July 15, 2009
Municipal Services Rulelmaking Board (“MSRB”) Files Disclosure Proposals
By Andrew Ackerman
Files Two Proposals to SEC; Releases Guidance
WASHINGTON – The Municipal Securities Rulemaking Board yesterday filed with the Securities and Exchange Commission two rulemaking proposals designed to improve primary and continuing muni disclosure information in conjunction with the SEC’s meeting today to consider draft changes to update its Rule 15c2-12.
One proposal would require underwriters to disclose to the MSRB’s EMMA system whether and when an issuer is obligated to provide secondary market disclosure information as well as who will be providing that information for the issuer.
The other proposal will allow issuers to voluntarily submit to EMMA preliminary official statements, notices of sales, and other pre-sale information. In addition, the notice will offer to give issuers special notice on EMMA if they provide links to their investor relations’ Web sites, receive the Government Finance Officers Association’s Certificate of Excellence, provide continuing disclosure information within 120 days after the close of their fiscal years, and comply with Governmental Accounting Standards Board standards.
The MSRB also issued interpretive guidance warning dealers about their disclosure and other duties to retail investors, including the need to provide material information about credit-enhanced munis as well as information about bank-provided liquidity facilities for variable-rate demand obligations.
At the same time, the board released, and asked for public comments on, draft rule changes that would require dealers to provide much more information to the board about auction-rate securities and VRDOs, as well as program documents for both types of short-term securities.
The MSRB is seeking comments by Sept. 1 on the draft rule changes to its Rule G-34 on new-issue requirements for variable-rate securities. If implemented, the additional information would constitute the second and final phase of the board’s Short-term Obligation Rate Transparency, or SHORT, system.
The board launched the initial phases of SHORT for basic ARS reset information on Jan. 30 and for basic remarketing information of VRDOs on April 1. Originally, SHORT was envisioned as a three-phase system, but the MSRB combined the second and third phases, though they leave the door open for additional improvements in the future.

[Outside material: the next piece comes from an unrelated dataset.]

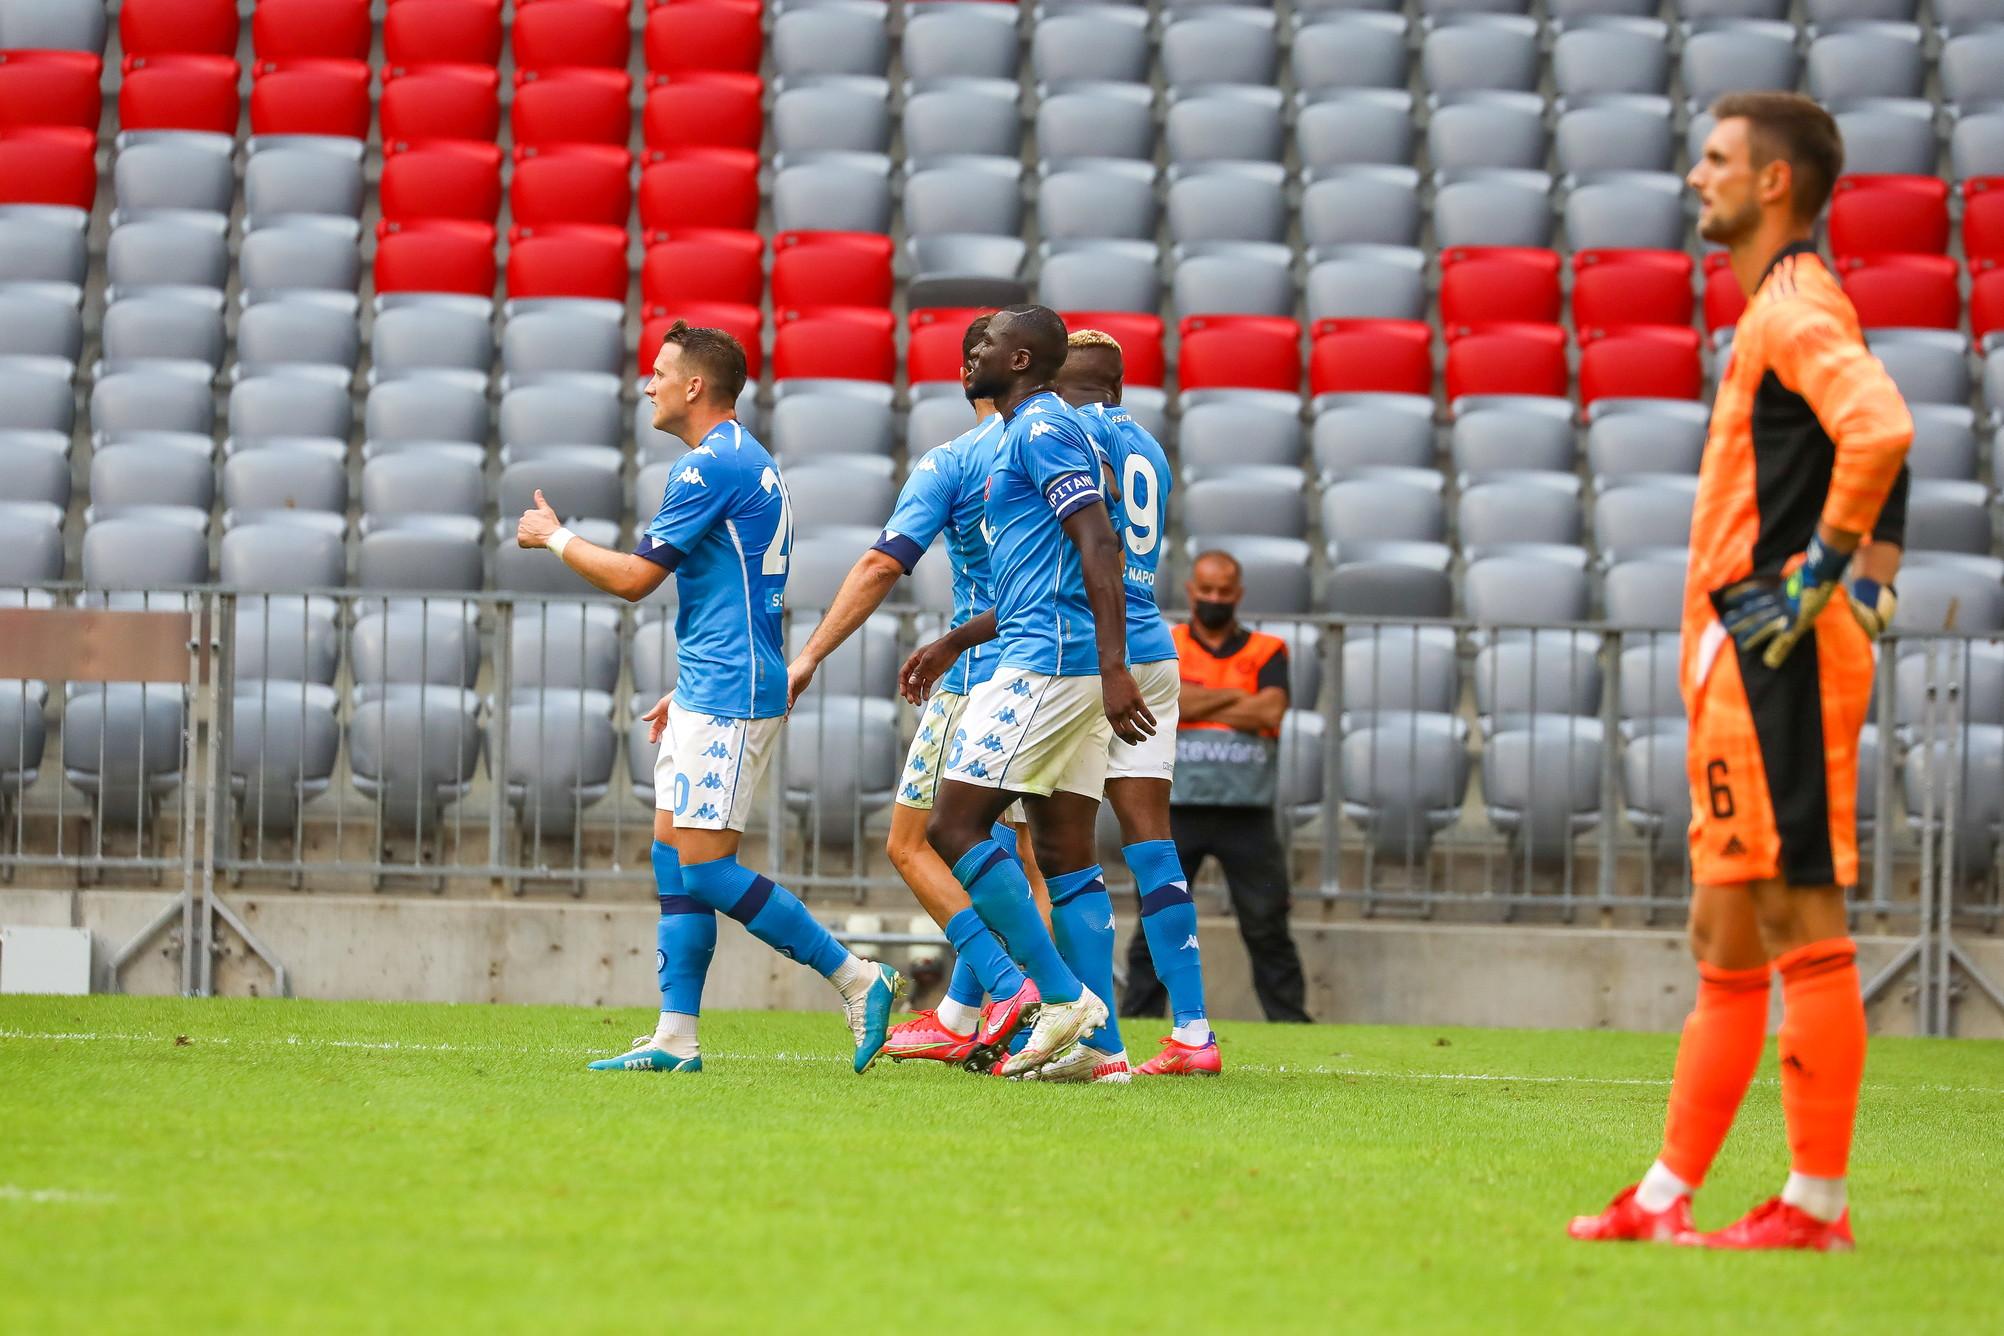 Vittoria di lusso per il Napoli nell&#39;amichevole estiva contro il nuovo Bayern Monaco di Nagelsmann. Gli azzurri di Spalletti, che ha schierato il suo solito 4-2-3-1 con Politano-Zielinski-Zedadka dietro Osimhen, si sono imposti 3-0 grazie alla doppietta del nigeriano&nbsp;e alla rete di Machach. Per Nagelsmann piccolo allarme in vista del primo impegno ufficiale in Coppa di Germania tra meno di una settimana: non ha ancora vinto una partita sulla panchina del Bayern, quattro sconfitte.<br /><br />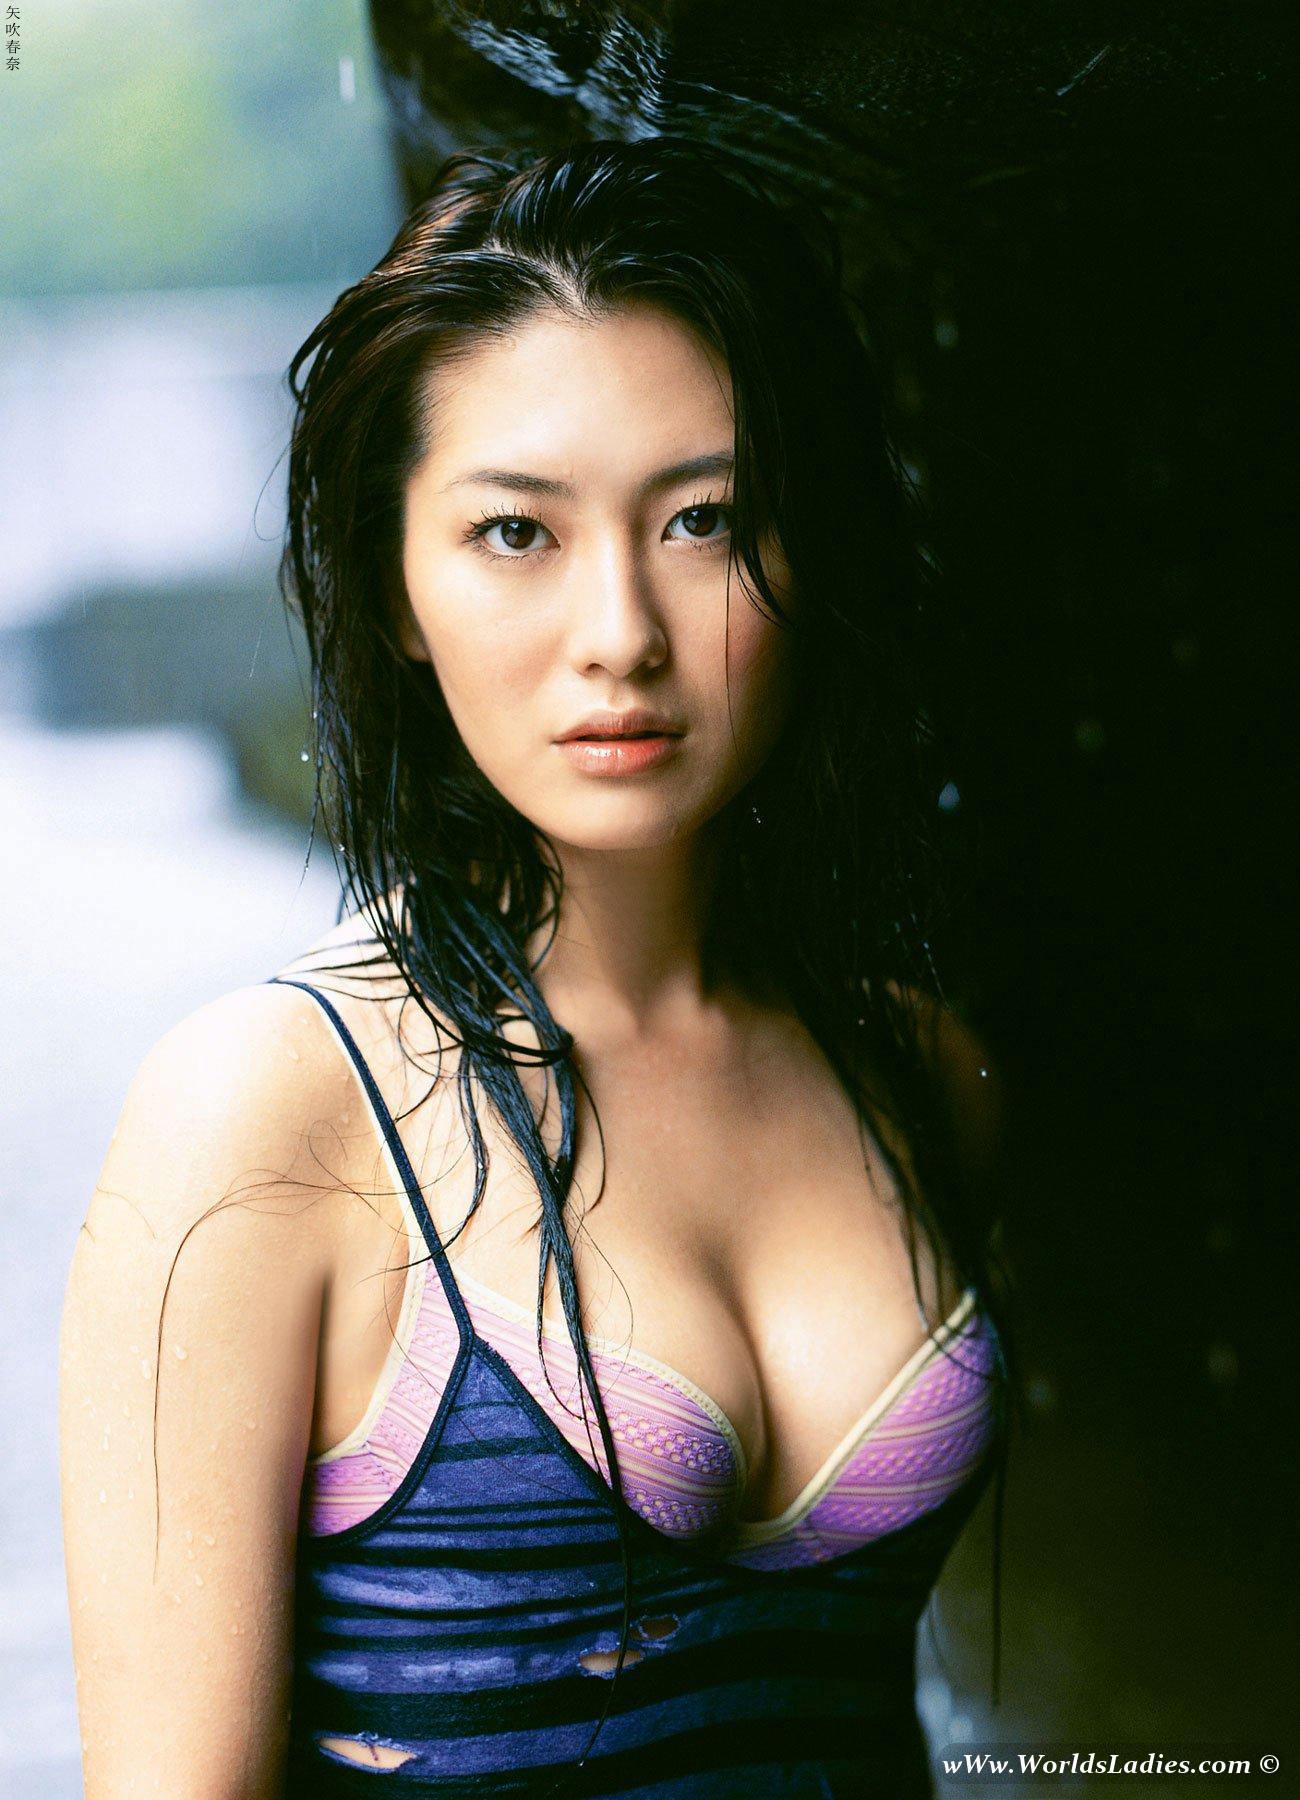 Haruna Yabuki Photo Gallery

Though the ARS market collapsed last year, there were still $78 billion outstanding in March, according to the board, which also estimates that there are $400 billion of VRDOs outstanding.
For ARS, the draft amendments would seek bidding information to augment the interest rate and descriptive information currently provided, in the hopes of showing how the interest rate was determined for a successful auction, according to the MSRB notice.
The board said the ARS bidding information also would allow it and market participants to compute ARS auction statistics similar to those that are available for Treasury auctions, including a “bid-to-cover ratio” that would serve as an indication of liquidity of ARS in a specific auction.
The idea was first publicly suggested in a letter to the board last summer by Joseph Fichera of Saber Partners LLC, a Wall Street-based financial advisory firm.
For VRDOs, the draft amendments would require that dealers provide the board with the identity and contact information of the tender agent, which is sometimes the trustee. The move is designed to better facilitate the tender of VRDOs by investors, who may not know who to contact.
In addition, the draft amendments would require that the identity of all liquidity providers be reported along with information that would allow market participants to determine whether a VRDO remarketing agent or liquidity provider holds a position in the VRDO at the time of the interest rate reset.
Meanwhile, MSRB executive director Lynnette Hotchkiss said the interpretive guidance is not in reaction to any particular issue in the market. It seeks to remind dealers of their responsibilities in terms of fair dealing, fair pricing and suitability for credit enhanced debt or munis with liquidity facilities sold to individual investors.
“This is just a general reminder” to dealers, she said.
The guidance notes that dealers are required to disclose the credit rating of the issuer or lack thereof, the underlying credit rating if one exists, the identity of any credit enhancer or liquidity provider, and the credit rating of the credit provider and liquidity provider, including potential rating actions.
Among several warnings, the board says that dealers must disclose details about the remarketing agent of VRDOs, including whether they may occasionally purchase tendered bonds into their own inventory, making it unnecessary to draw on the liquidity facility for unremarketed bonds, even if it is under no legal obligation to do so.
The guidance also reminds dealers that the increased use of retail order periods designed to improve pricing of a new issue does not create a “safe harbor” for dealers to engage in unfair pricing.
“Large differences between institutional and individual prices that exceed the price-yield variance that normally applies to transactions of different sizes in the primary market provide evidence that the duty of fair pricing to individual clients may not have been met,” the board warned.